RECORDED DATA >>
_ _ _
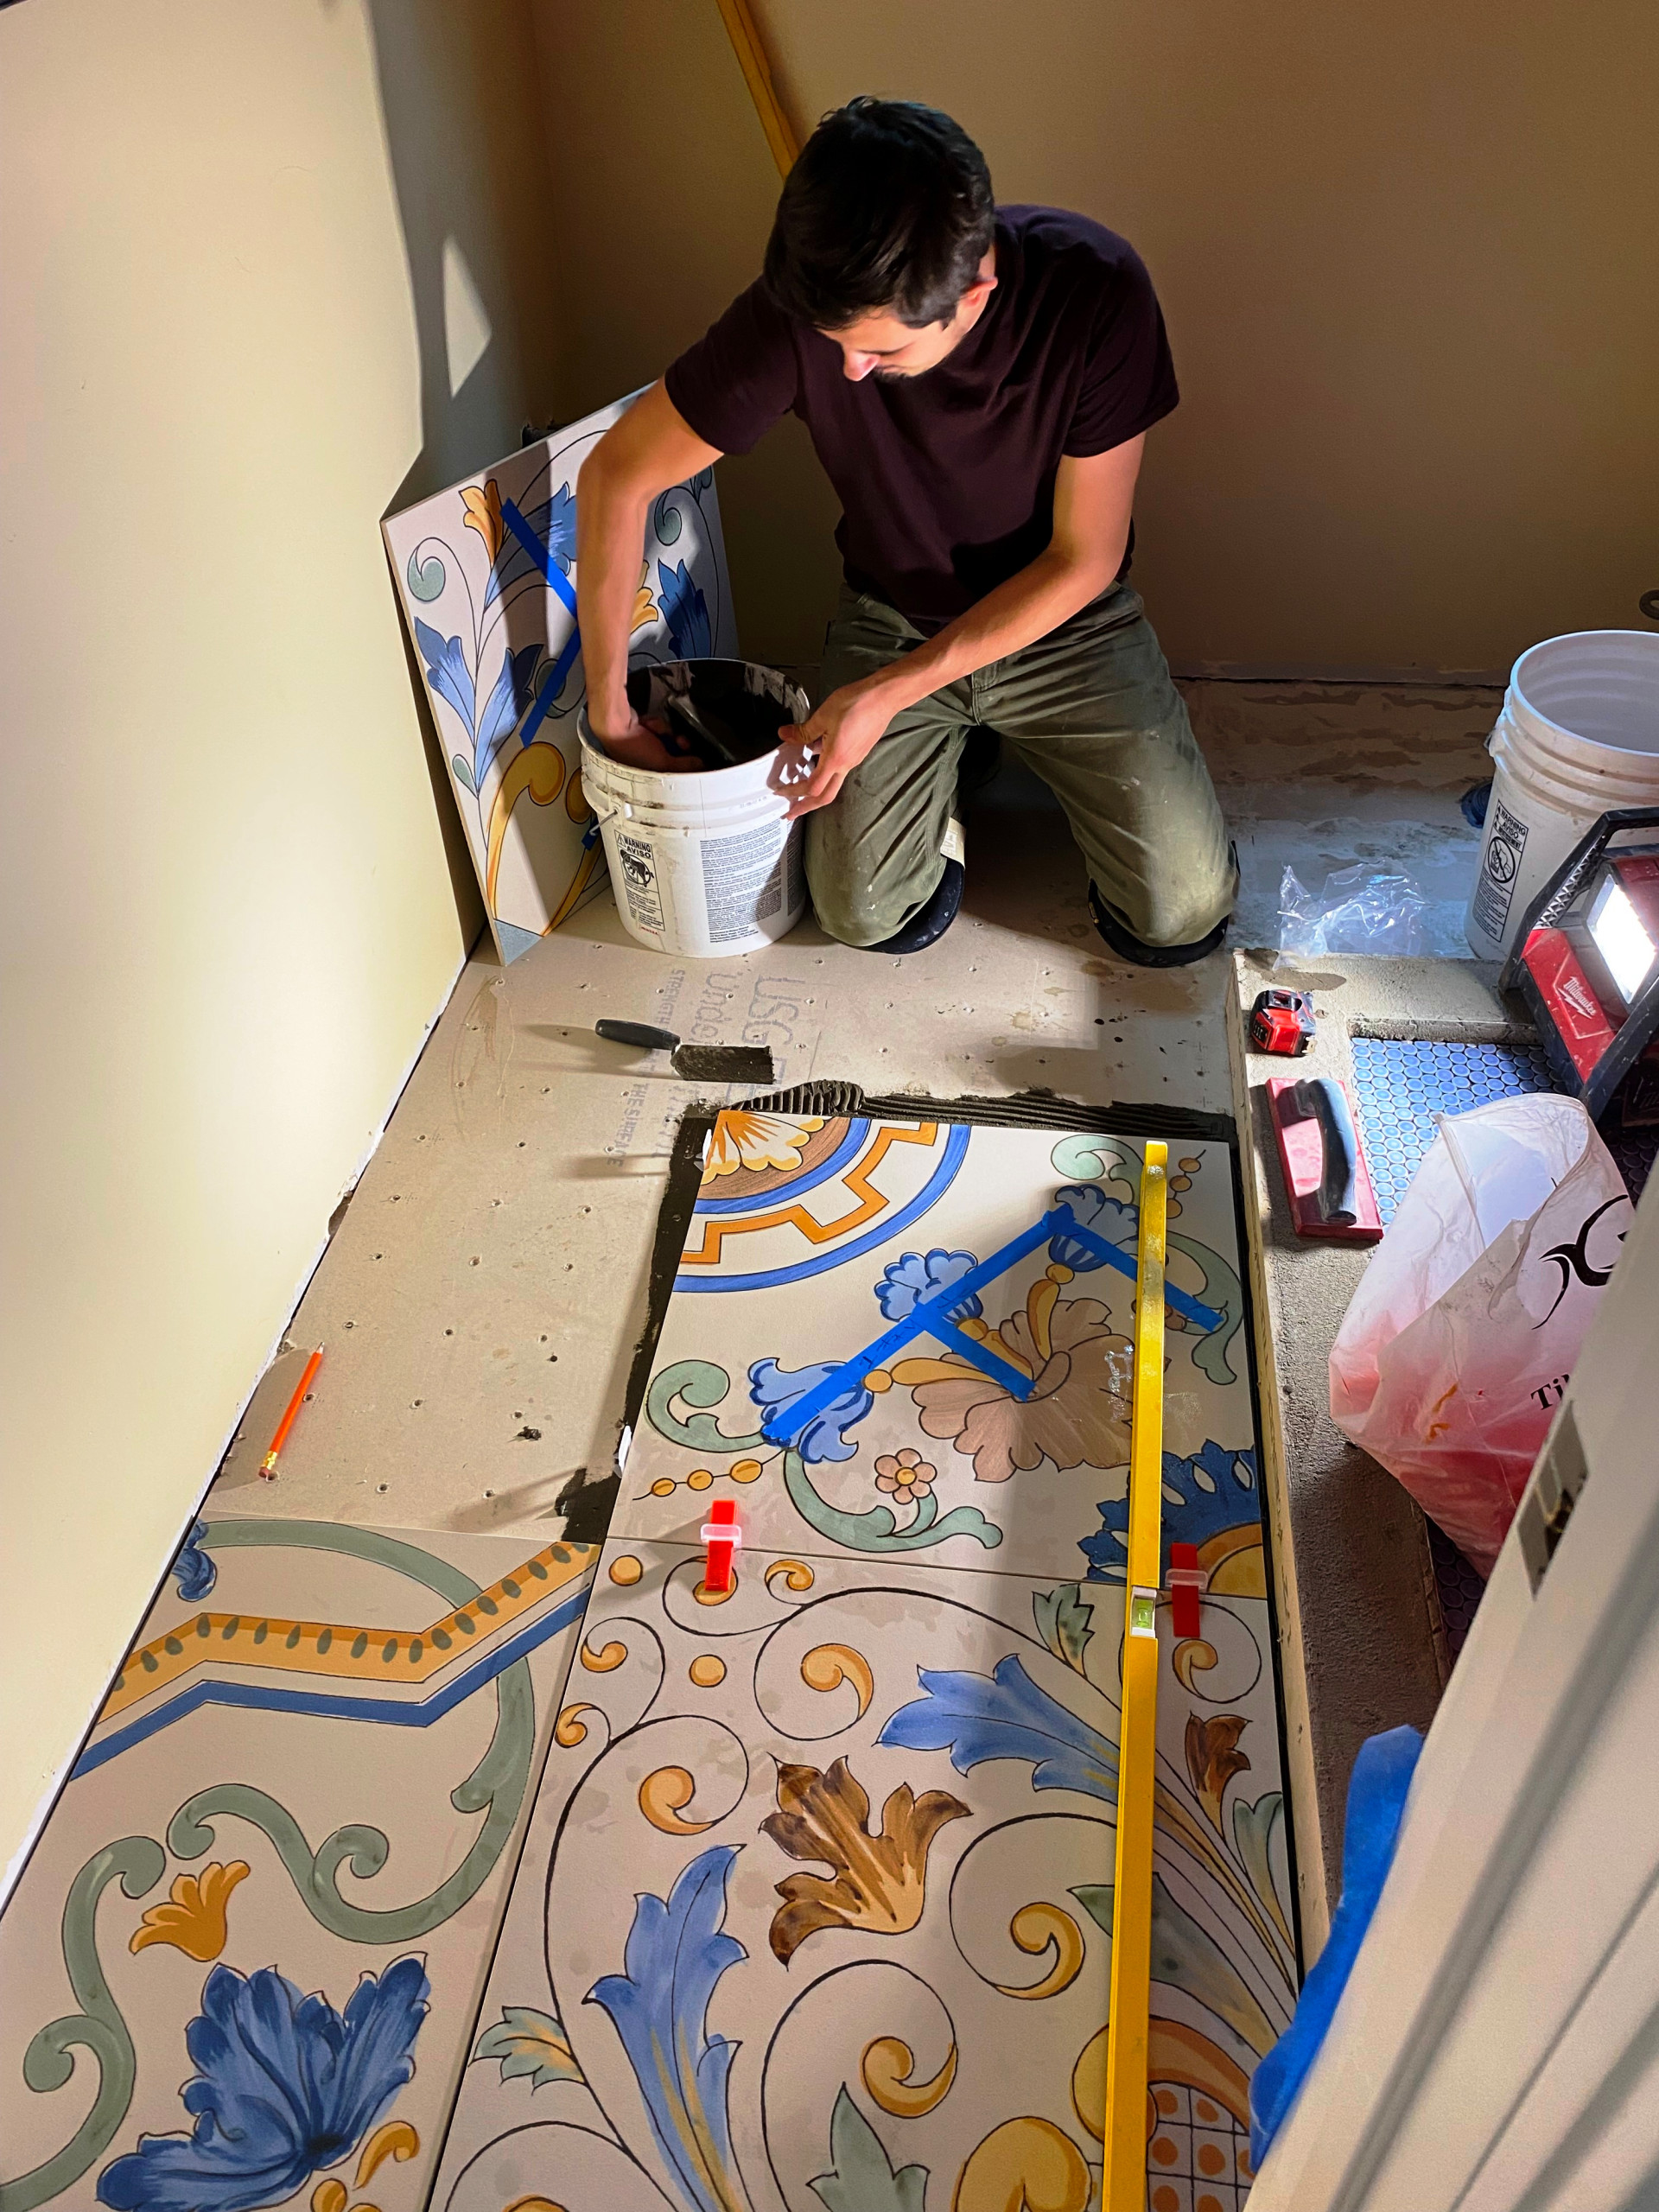 DURING PIC - CAREFULLY PLACED PATTERNED TILE INSTALLED
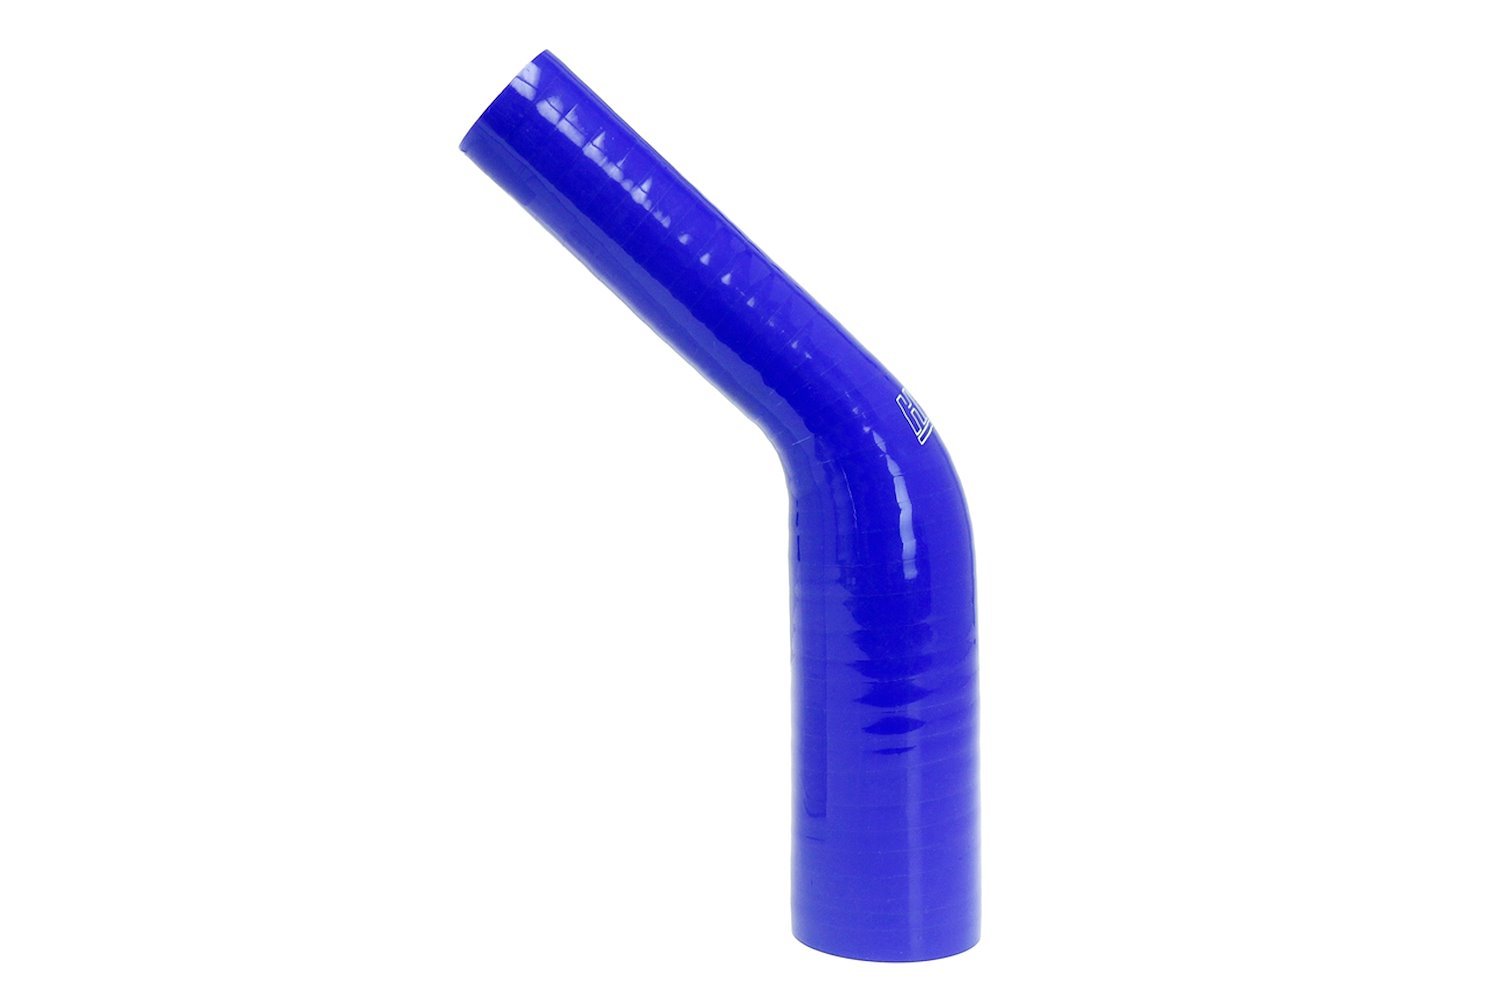 HTSER45-112-125-BLUE Silicone 45-Degree Elbow Hose, High-Temp 4-Ply Reinforced, 1-1/8 in. - 1-1/4 in. ID, Blue
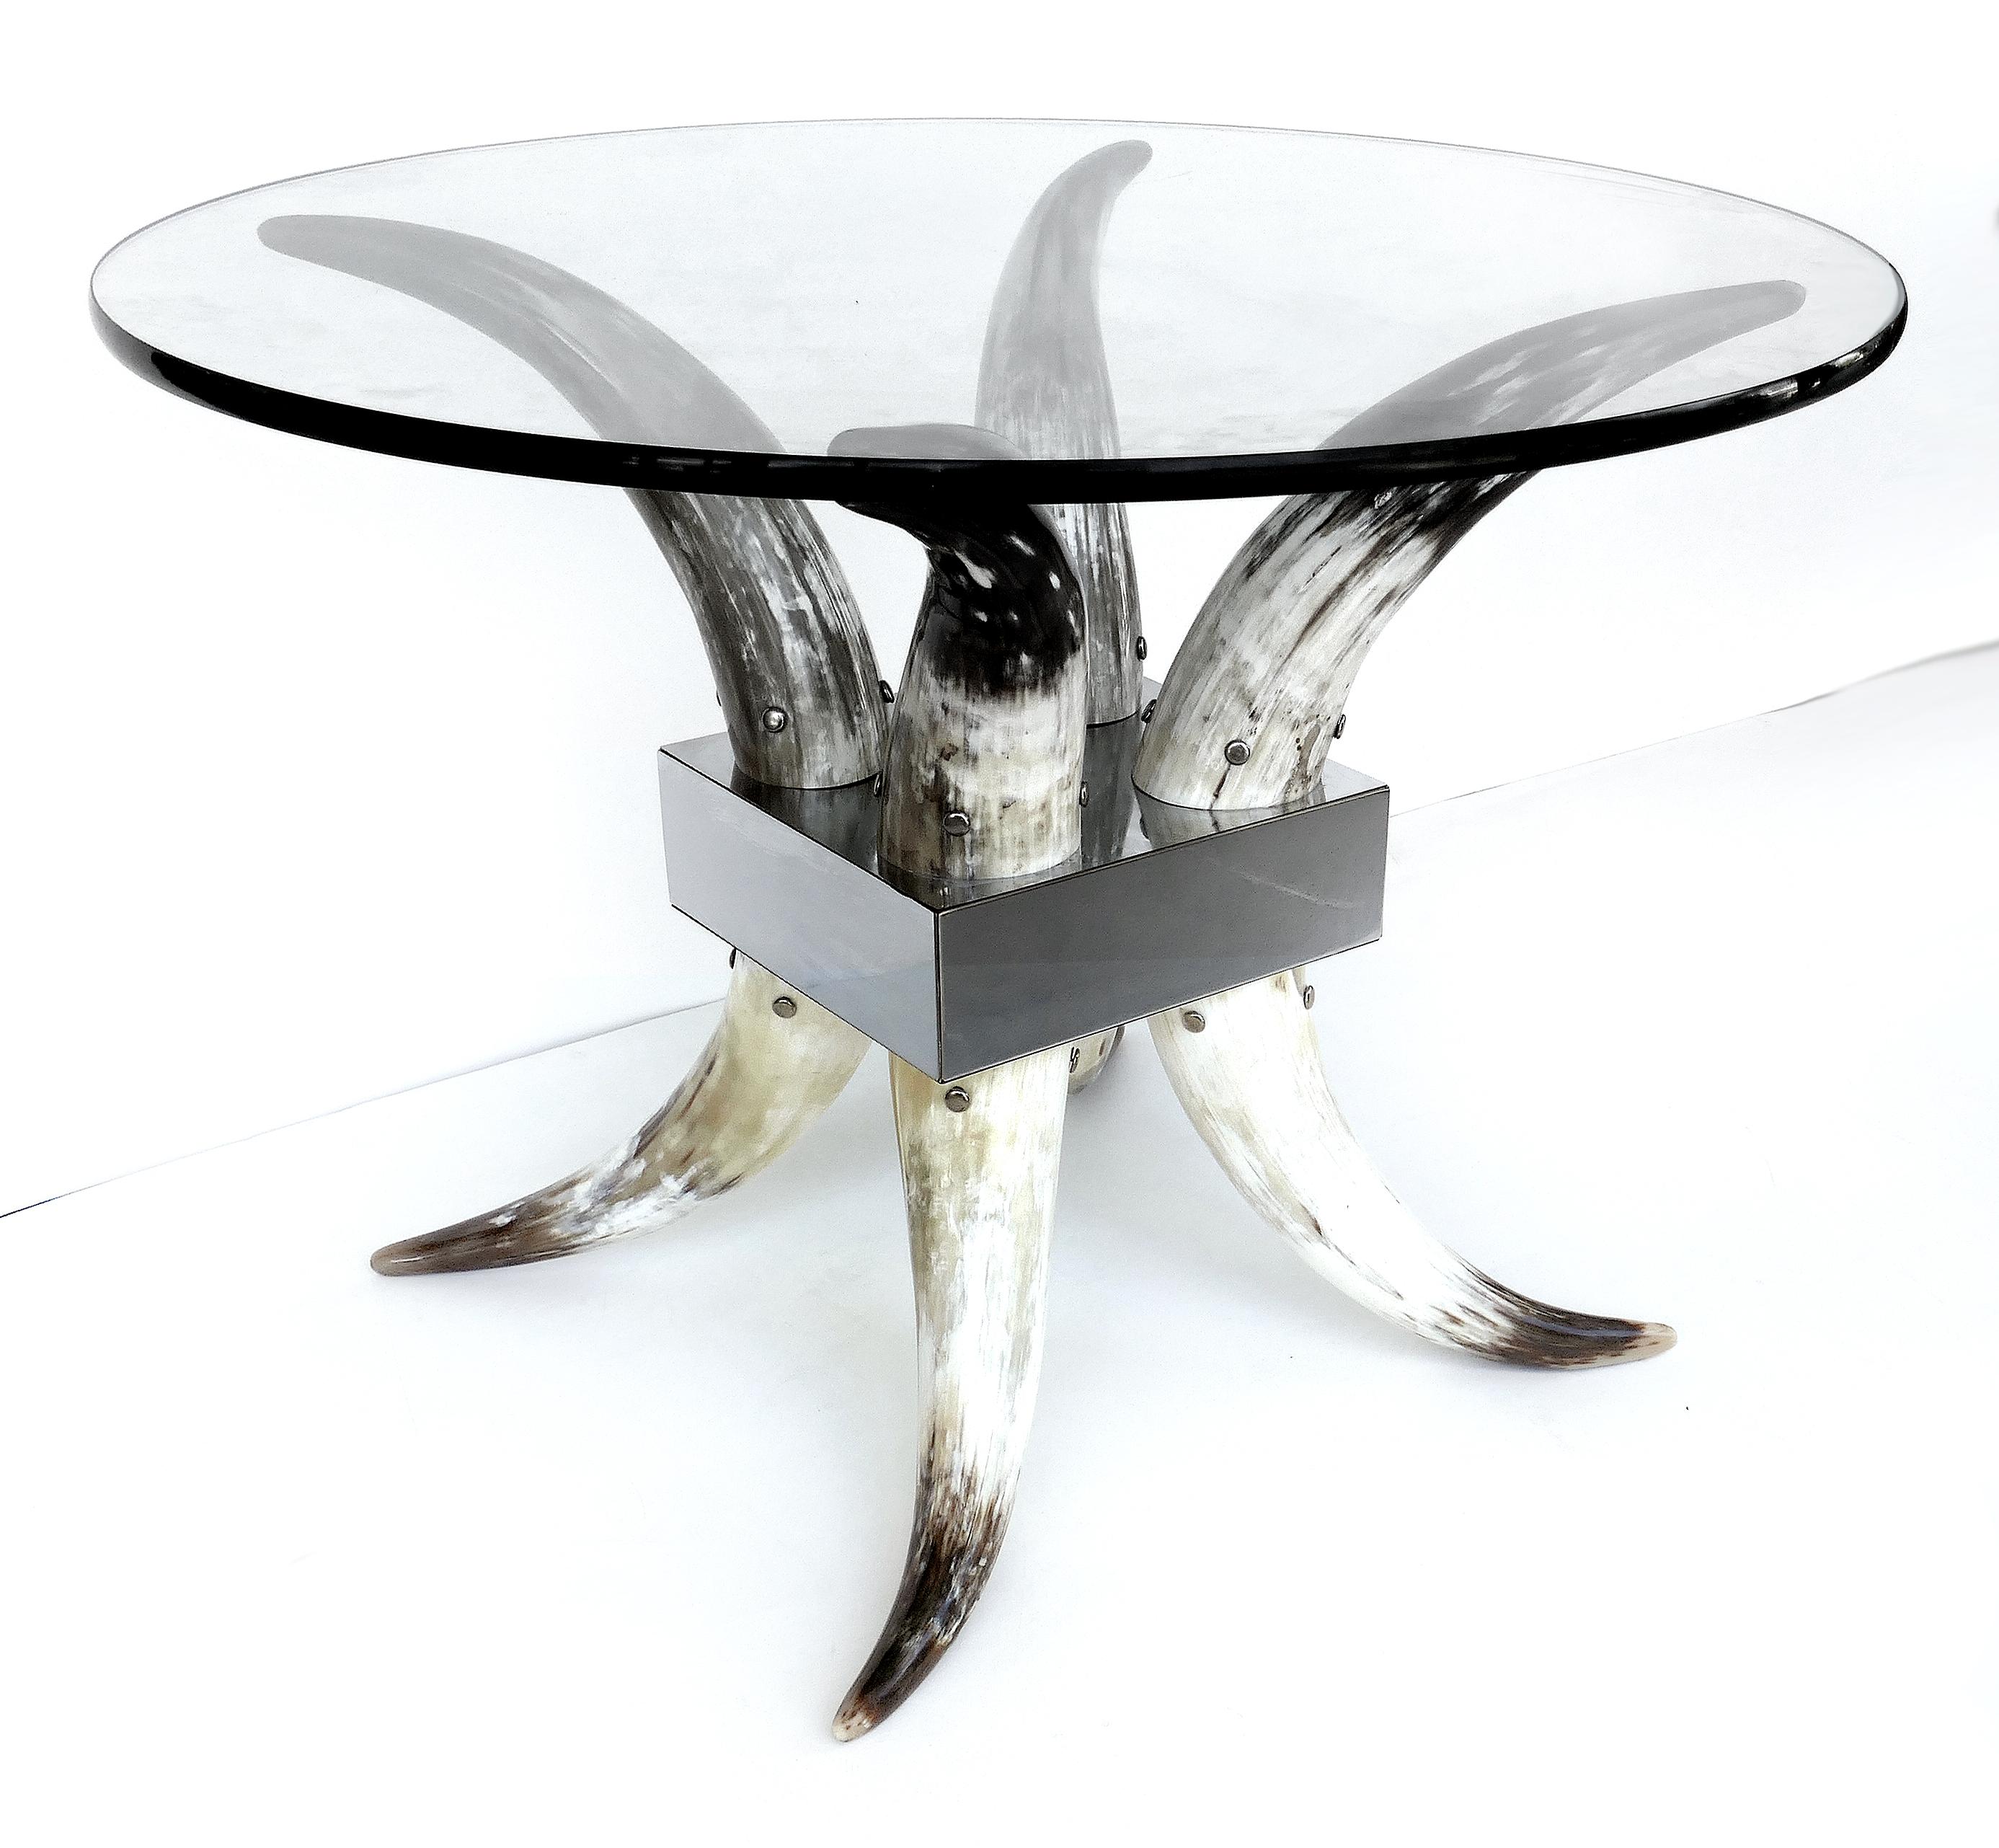 Offered for sale is an elegant modern steer horn, stainless steel and glass center table. This table can support a 60
_ _ _
YOUR OBJECTIVE >> Starting at the line that holds "HTSER45-112-125-BLUE Silicone 45-Degree", copy each line exactly through the end of the listing, both ends included. Leave the pictures out.

SOLUTION FOR THIS EXERCISE >>
 HTSER45-112-125-BLUE Silicone 45-Degree Elbow Hose, High-Temp 4-Ply Reinforced, 1-1/8 in. - 1-1/4 in. ID, Blue
 Offered for sale is an elegant modern steer horn, stainless steel and glass center table. This table can support a 60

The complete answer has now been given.